Wednesday 7 January 2009

Television biography of the late Paul Scofield

Due to the wonders of modern technology it is possible to record programmes and watch them at a later date - not such fantastic news one might think given the advent of the video recorder over two decades ago. It is just that the latest version -courtesy of the company owned by well-known Antipodean media tycoon turned US citizen - makes the recording business so startlingly, and in some ways worryingly easy - just the push red button. And so, in the household of the Oldest Trainee we push the red button and store up programmes that we may or may not watch later.

One such programme successfully retrieved from the system was a BBC documentary paying tribute to the late Shakespearian actor Paul Scofield. A gem of a TV biographical film for its example of the 'less is more' school of artistic philosophy. What was brought out by the programme was that this giant of the British post-war theatre: West End star, film actor of enormous renown, brilliant Shakespearian interpreter with a mesmeric stage presence and voice to match, was a shy man who was happiest at home with his family and who would return by train from the theatre to his Sussex village. A very un-show business actor. Therefore there were was not the usual roster of big names attesting to a an actor's life of premieres, parties and late-night goings-on in post-performance restaurants or of big personality clashes with fellow performers or of on-set tensions associated with film making. The contributors were themselves leading artists of stage and screen and they attested to Scofield's brilliance combined with modesty. Among their number, Sir Peter Hall; Sir Richard Eyre; Felicity Kendall; Peter Brook; Donald Sinden, John Harrison, Christopher Hampton most of whom declared they were inspired by this man.

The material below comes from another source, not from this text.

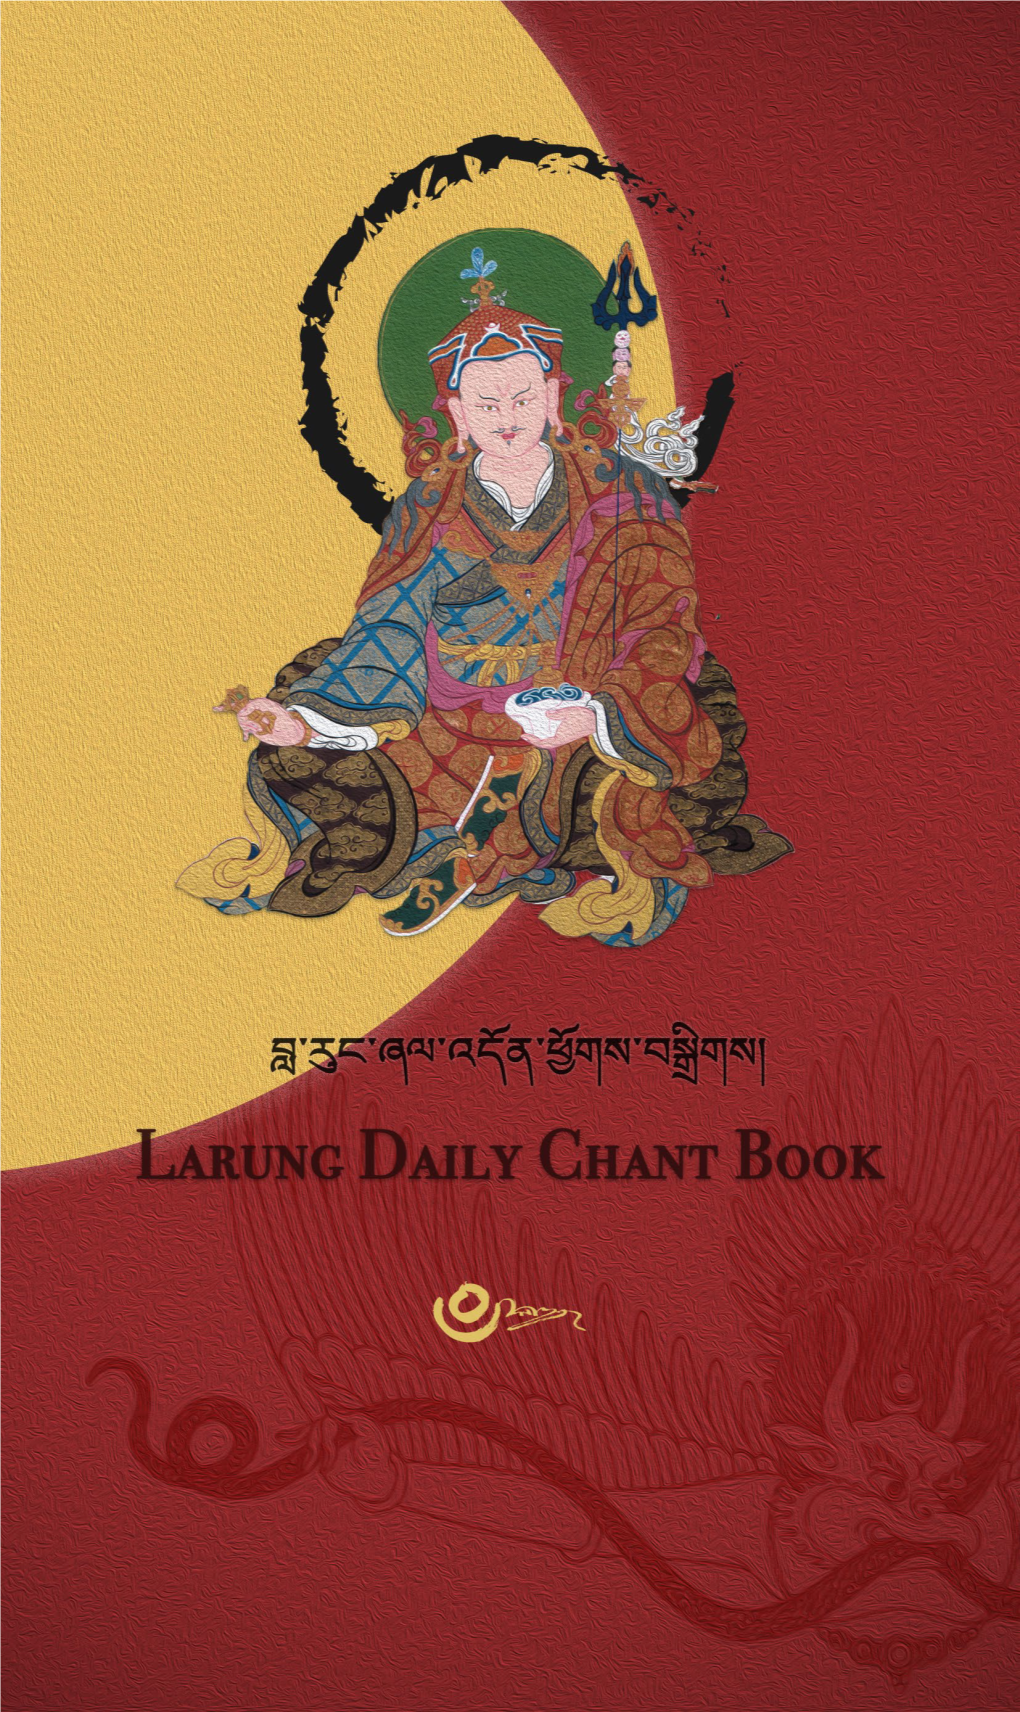 Supplication to the Victorious Longchenpa
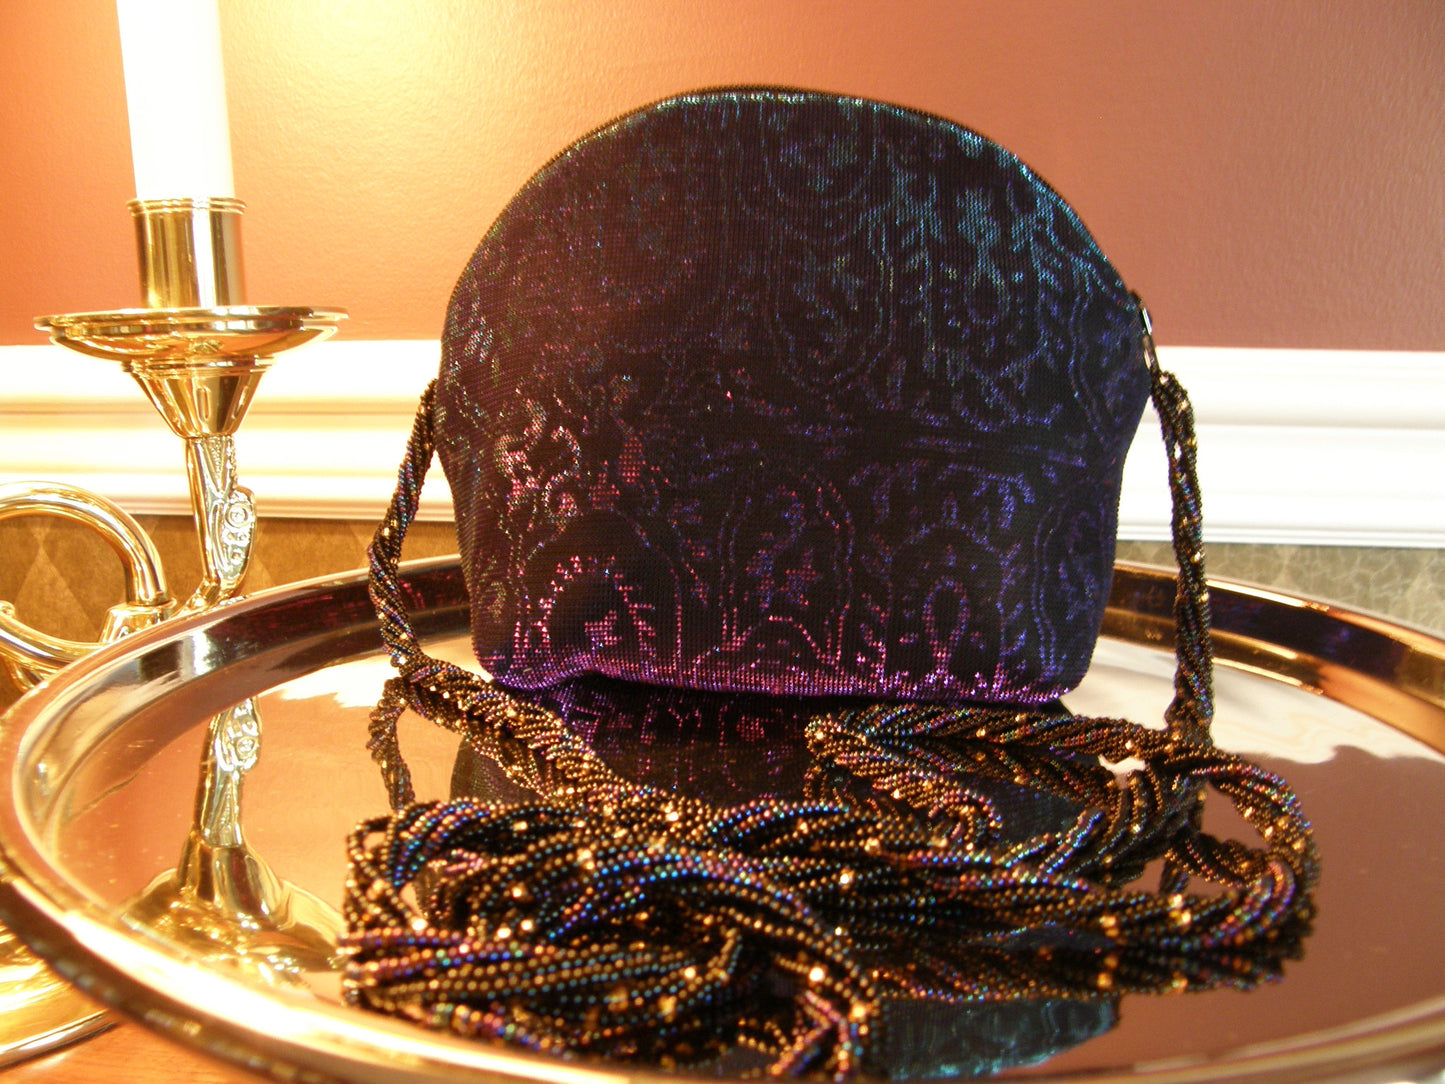 Iridescent Evening Bag by Jenny Jag-Wear Design. This is a stunning small evening bag made from purple, black, and turquoise fabric. The hand-crafted beaded handle is comprised of multiple strands of seed beads in the same colour hue as the fabric. Zipper enclosure. Can be carried as a small clutch or carried over the shoulder with the  long beaded handle. This small purse is hand sewn and hand-crafted. The Liza Collection by Jenny Jag-Wear Design.

The director of the last film Scofield made, Nicholas Hytner, reported that he agreed to play the part of Danforth the witchfinder in Arthur Miller's great play The Crucible, set in 17th Century Massachusetts, because he saw Danforth as the other side of the character that he played to great acclaim on stage and film - Thomas More in Robert Bolt's play A Man for All Seasons. What separated Danforth and More was time, circumstance and geography - from Tudor England to pre-Revolutionary America - but men of unyielding principle whose conscience is uncompromising but no less troubling with very different outcomes. More will not bend to the people's will and Danforth is unbending in his will to root out what he sees as heresy amongst the people of Salem. To have seen those connections across decades of experience shows a man of rare insight and sensitivity and the performances flank an extraordinary career. All in all a portait of a shy man who let his acting do the talking - man for all seasons.